Understanding ALS Prevalence in the United States
Understanding ALS in the United States involves examining its prevalence and incidence rates. Prevalence refers to the total number of people living with ALS at a specific time, while incidence represents the number of new cases diagnosed annually. According to the National ALS Registry’s 2017 data, an estimated 24,821 individuals were living with ALS in the U.S., a prevalence of approximately 7.7 per 100,000 people. This estimate falls within a range from 5.5 to 9.9 per 100,000, reflecting the complexities of accurately counting cases of a rare disease.
Projections from the National ALS Registry indicate U.S. cases were close to 33,000 in 2022, expected to rise to over 36,000 by 2030. The national average prevalence was 4.4 per 100,000 persons between 2011 and 2018, with geographical variations from 2.6 per 100,000 in Hawaii to 7.8 per 100,000 in Vermont. The annual incidence of ALS in the U.S. is typically around 1.5 to 2 new cases per 100,000 people, with a 2019 estimate from the CDC placing it at 1.44 new persons per 100,000 U.S. population.
Characteristics of Individuals Affected by ALS
ALS primarily affects individuals in middle to late adulthood. The average age at diagnosis is around 55, and the risk of developing ALS generally increases with age. The highest prevalence rates are observed in the 70-79 age group.
Men are more frequently affected by ALS than women, with a male-to-female ratio typically between 1.2:1 and 1.5:1. This gender disparity tends to diminish in individuals over 70. ALS is more common in White individuals and less frequent among African-Americans, Asians, and Hispanic populations in the U.S. Most ALS cases (90-95%) are sporadic, meaning they have no known genetic cause, while 5-10% are familial, indicating genetic inheritance.
Data Collection and the National ALS Registry
The National ALS Registry collects and manages data on ALS prevalence and demographics in the United States.
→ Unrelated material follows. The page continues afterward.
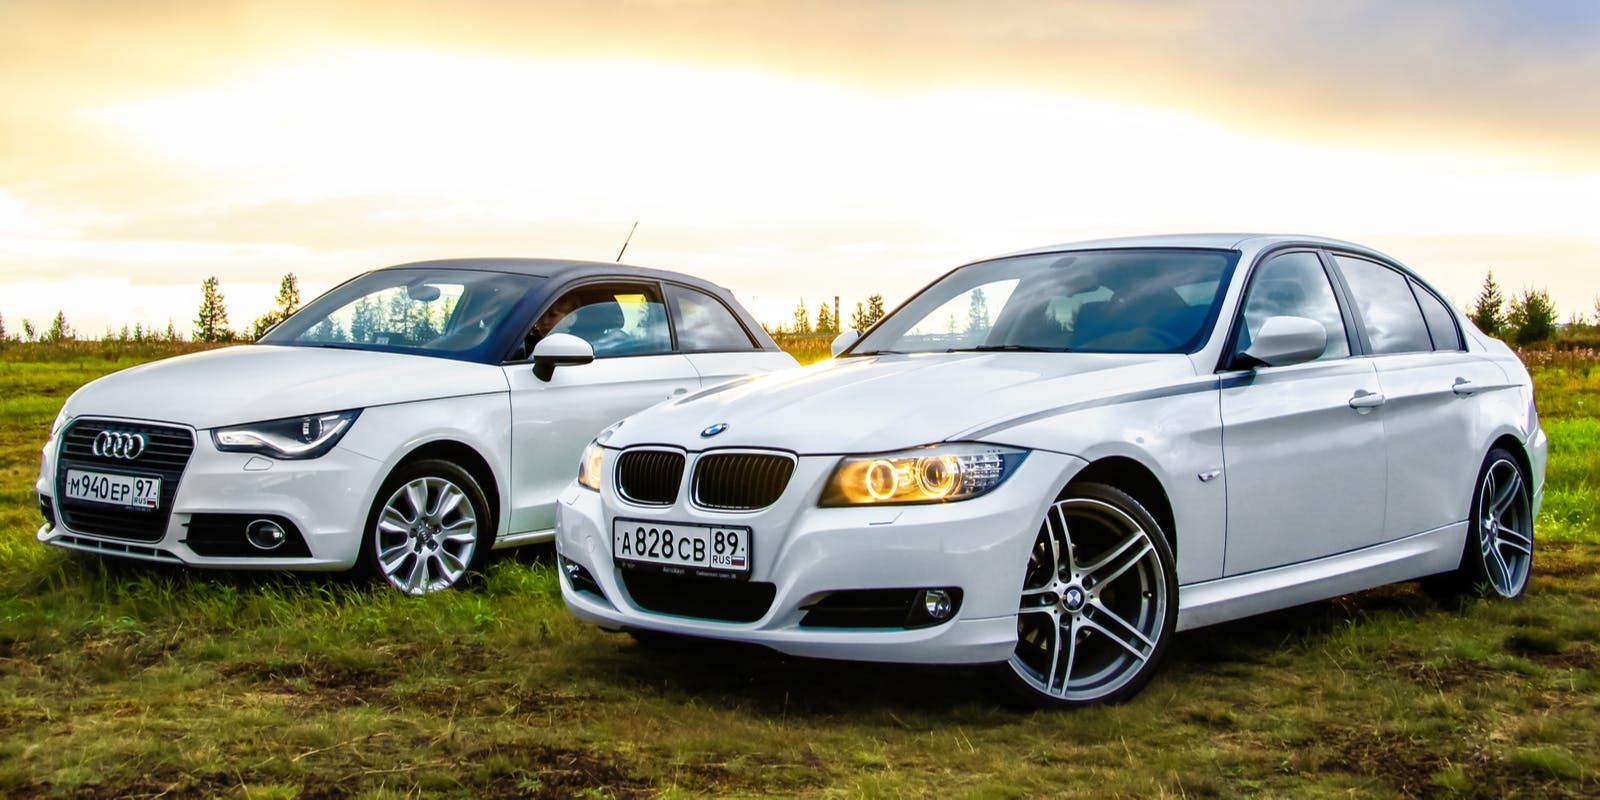 Audi vs BMW - Which Brand Is Better?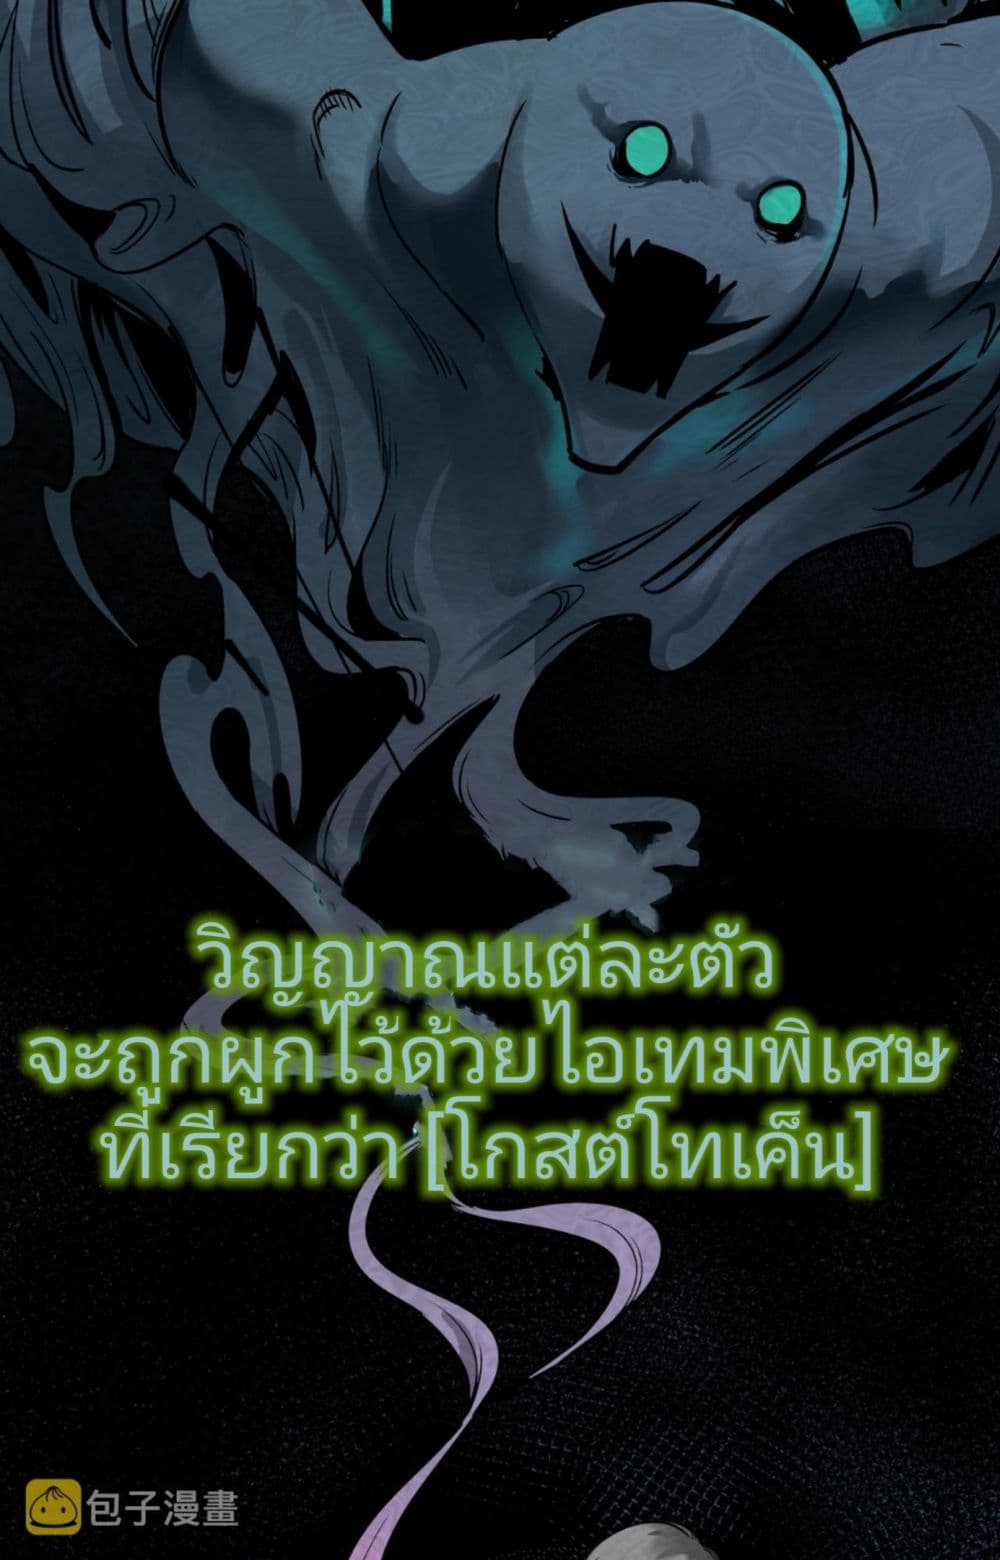 The Age of Ghost Spirits à¸à¸­à¸à¸à¸µà¹ 1 (6)

Established by the ALS Registry Act in 2008, this federal program gathers comprehensive information on individuals living with ALS. Its purpose is to accurately estimate the number of new and existing cases, identify who is affected, and pinpoint potential risk factors.
Data are compiled from various sources, including national administrative databases like Medicare and the Veterans Health Administration, supplemented by voluntary self-registrations and detailed surveys completed by individuals with ALS. Accurately counting individuals with a rare disease like ALS presents challenges due to diagnostic delays or incomplete reporting. The Registry addresses this by providing lower, mean, and upper bound estimates to offer a more complete picture of the disease burden. This data collection is essential for researchers to understand the disease’s epidemiology, identify risk factors, and track its progression, supporting new treatments and potential cures.